Infusion of regulatory T cells (Tregs) engineered with a chimeric antigen receptor (CAR) targeting donor-derived human leukocyte antigen (HLA) is a promising strategy to promote transplant tolerance. Here, we describe an anti-HLA-A2 CAR (A2-CAR) generated by grafting the complementarity-determining regions (CDRs) of a human monoclonal anti-HLA-A2 antibody into the framework regions of the Herceptin 4D5 single-chain variable fragment and fusing it with a CD28-ζ signaling domain. The CDR-grafted A2-CAR maintained the specificity of the original antibody. We then generated HLA-A2 mono-specific human CAR Tregs either by deleting the endogenous T-cell receptor (TCR) via CRISPR/Cas9 and introducing the A2-CAR using lentiviral transduction or by directly integrating the CAR construct into the TCR alpha constant locus using homology-directed repair. These A2-CAR+TCRdeficient human Tregs maintained both Treg phenotype and function in vitro. Moreover, they selectively accumulated in HLA-A2-expressing islets transplanted from either HLA-A2 transgenic mice or deceased human donors. A2-CAR+TCRdeficient Tregs did not impair the function of these HLA-A2+ islets, whereas similarly engineered A2-CAR+TCRdeficientCD4+ conventional T cells rejected the islets in less than 2 weeks. A2-CAR+TCRdeficient Tregs delayed graft-versus-host disease only in the presence of HLA-A2, expressed either by co-transferred peripheral blood mononuclear cells or by the recipient mice. Altogether, we demonstrate that genome-engineered mono-antigen-specific A2-CAR Tregs localize to HLA-A2-expressing grafts and exhibit antigen-dependent in vivo suppression, independent of TCR expression. These approaches may be applied towards developing precision Treg cell therapies for transplant tolerance.

Highlights

  • Regulatory T cells (Tregs) are a small subset of CD4+ T cells that are key for maintaining self-tolerance and preventing autoimmune disease [1]
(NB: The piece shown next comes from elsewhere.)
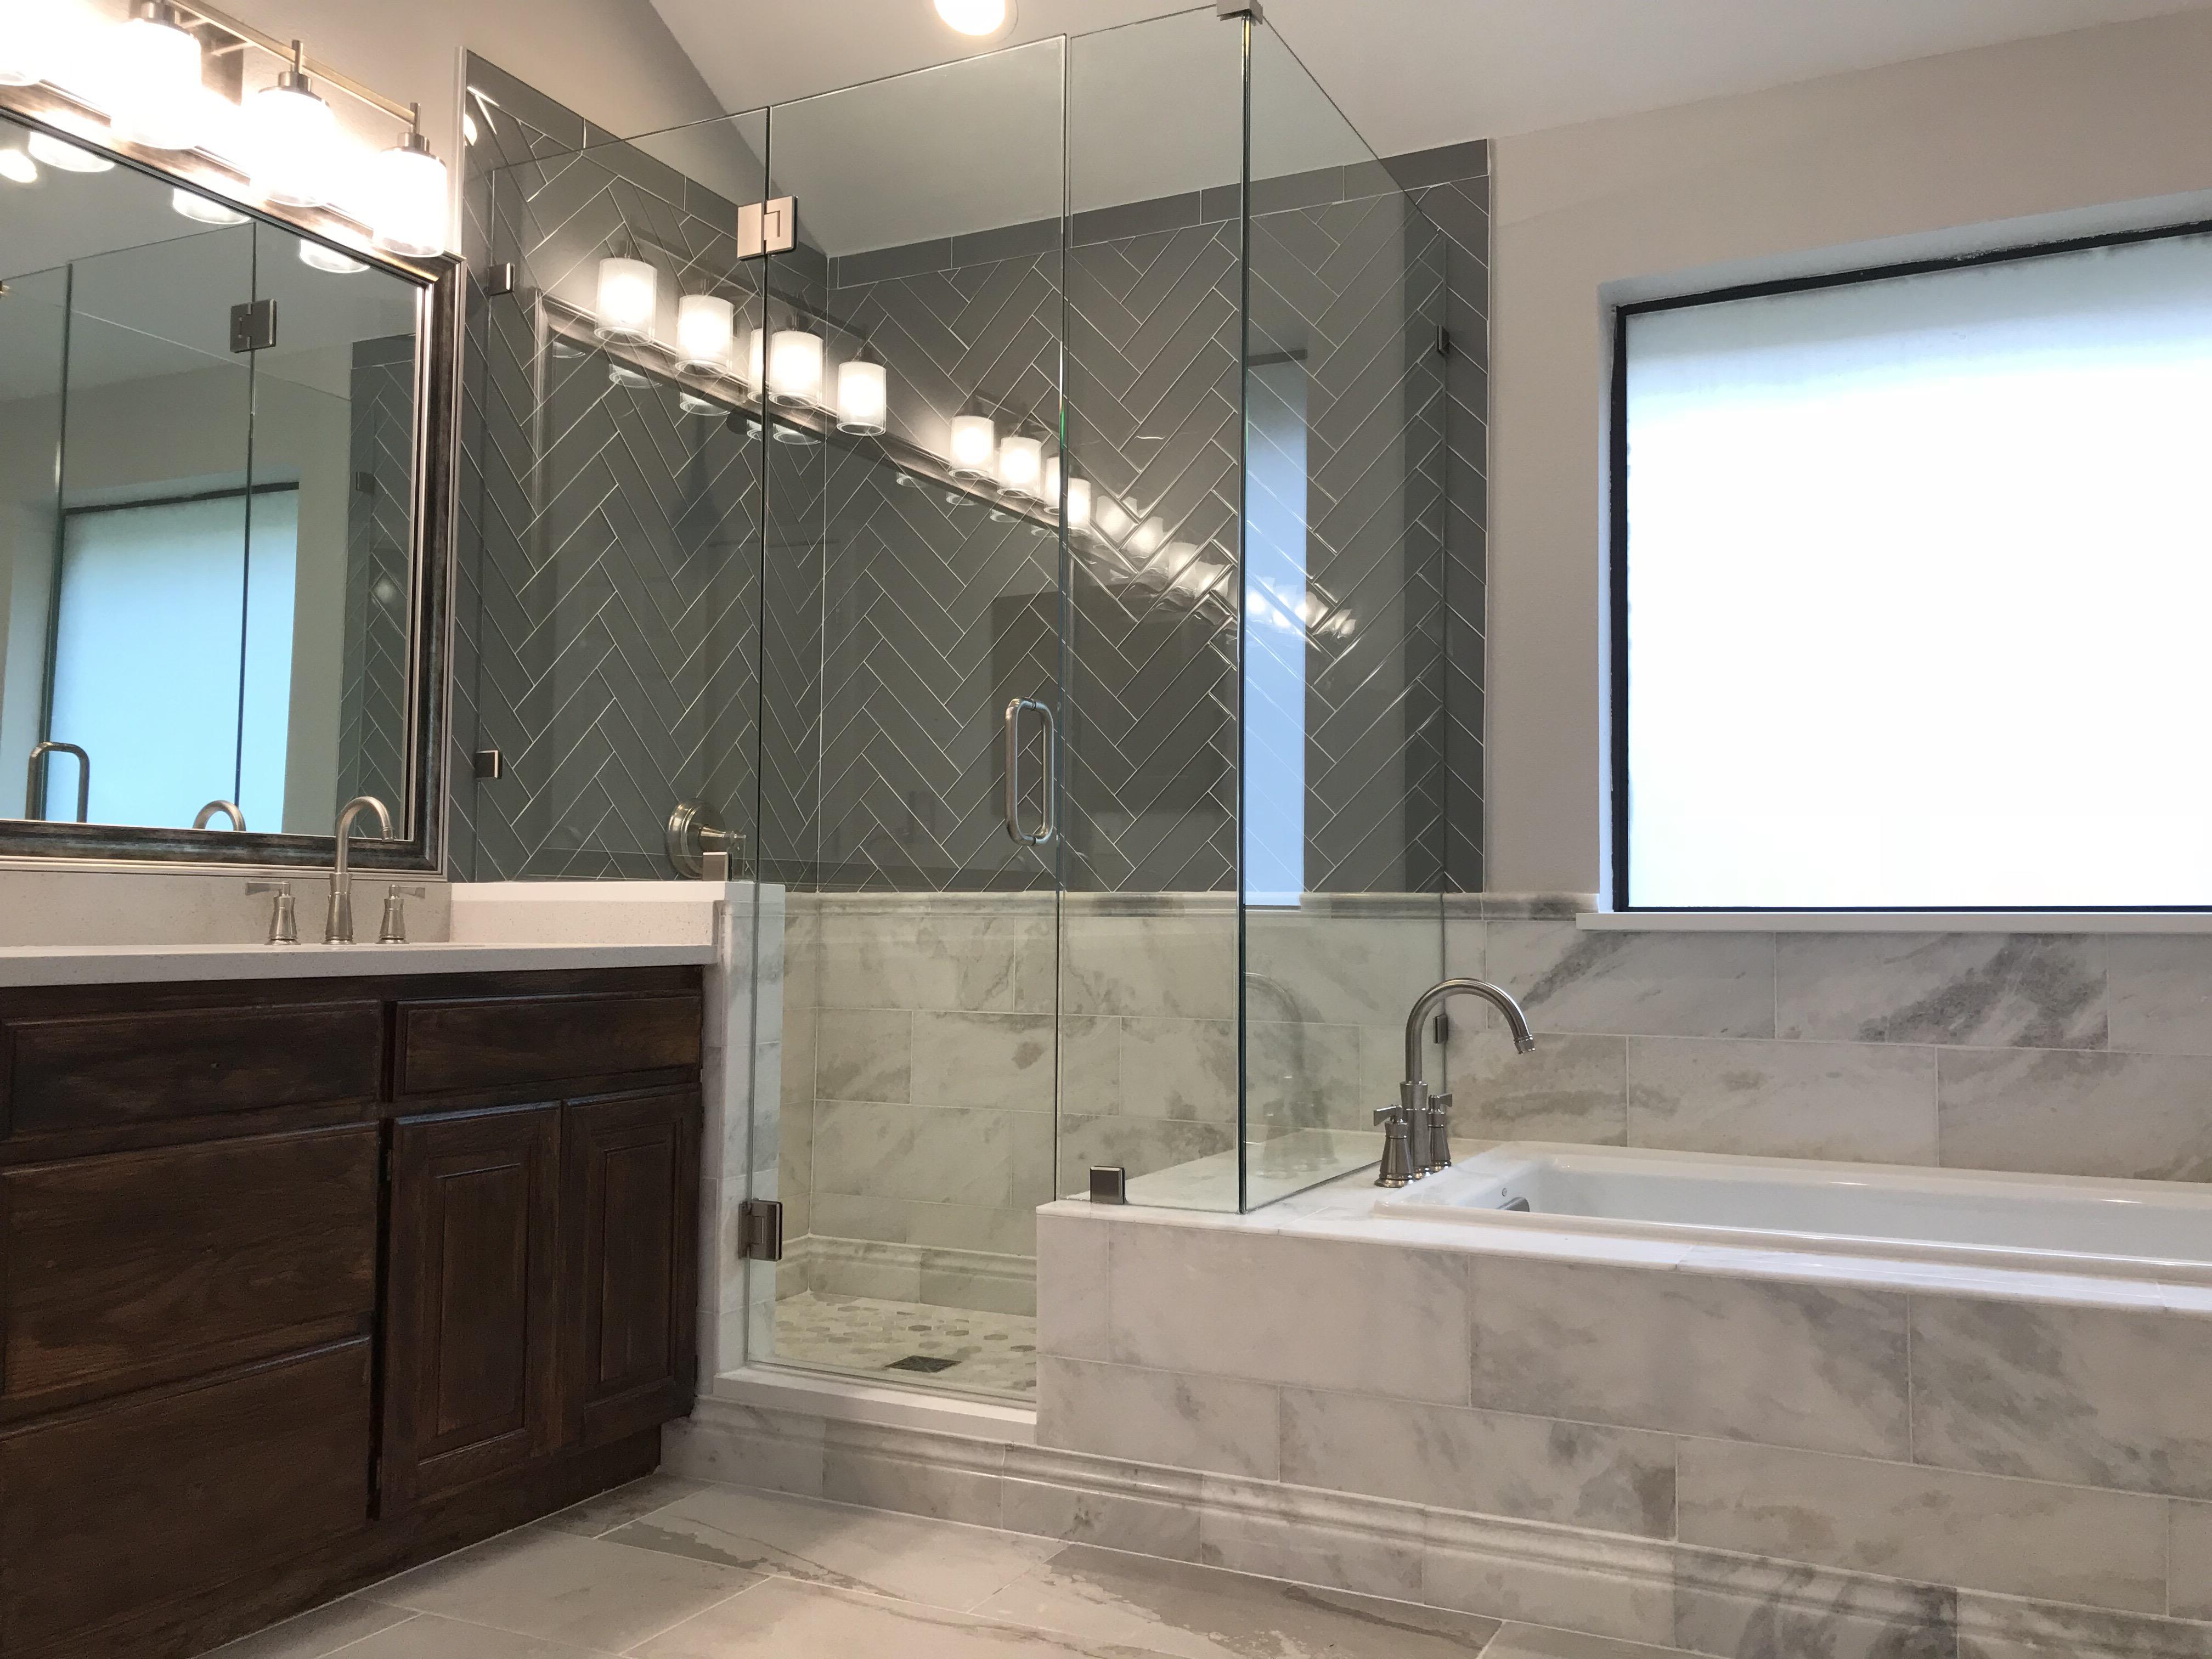 Master bathroom remodeler - Plano, TX

  • (CDRs) of the heavy and light chains of the SN607D8 scFv into the framework regions of an scFv derived from the anti-HER2 antibody Herceptin, which is known to be compatible with chimeric antigen receptor (CAR) surface expression [42]
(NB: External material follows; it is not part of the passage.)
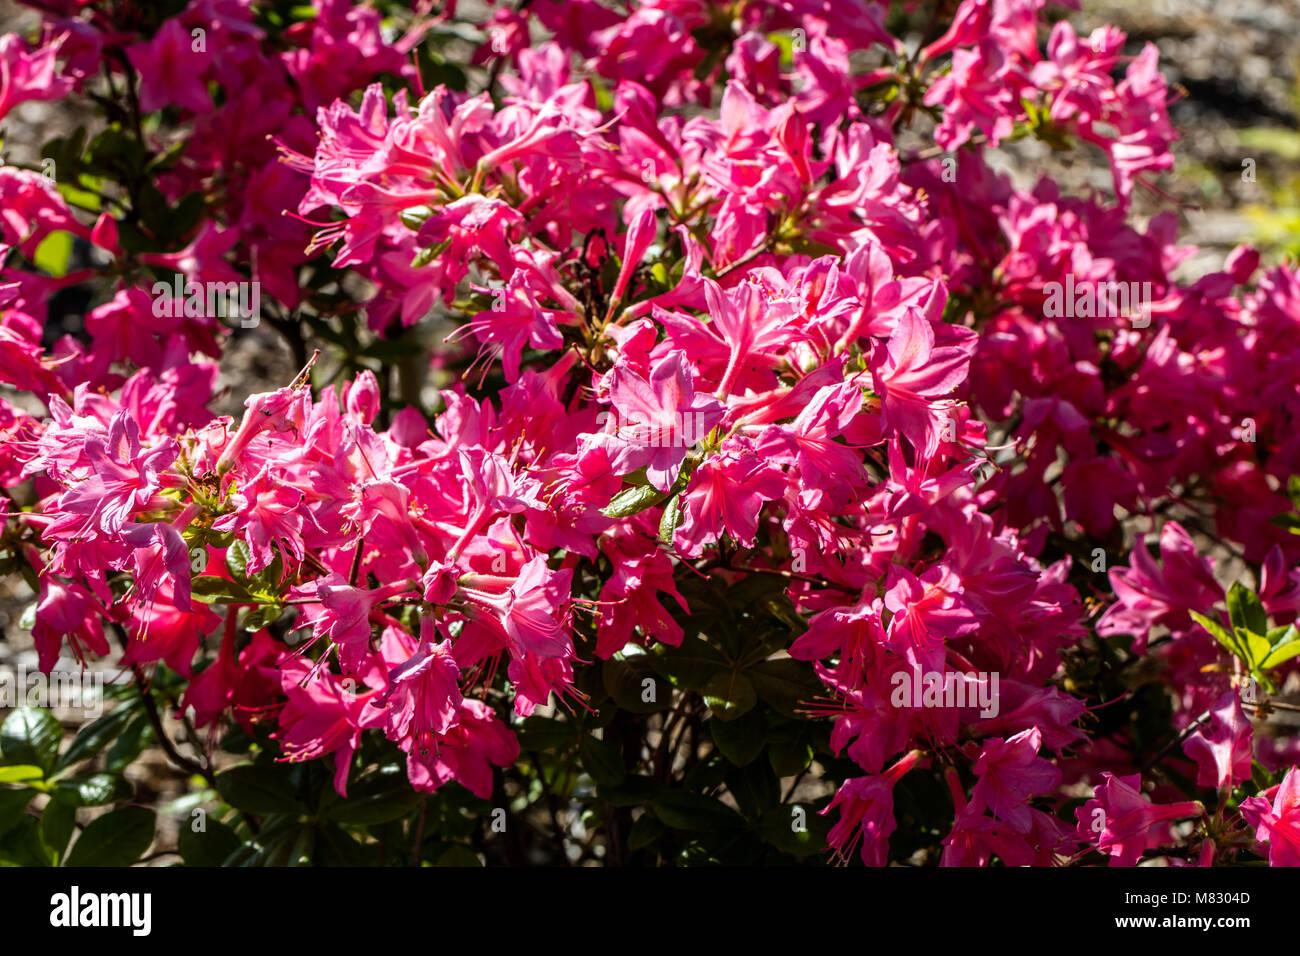 'Jolie Madame' Viscosa azalea, Viscosa gruppen (Rhododendron hybrida) - Stock Image

  • In human leukocyte antigen (HLA)-A2 transgenic mice reconstituted with HLA-A2+ Peripheral blood mononuclear cells (PBMCs), we found that the circulating HLA-A2– cells, i.e. the engineered A2 CAR (A2-CAR)+TCRdeficient Tregs, remained FOXP3+ (Figure 6A), albeit with limitations in the number of acquired events due to the marked decrease in the number of CD4+ and CD4+HLA-A2- cells over time (Figure 6B)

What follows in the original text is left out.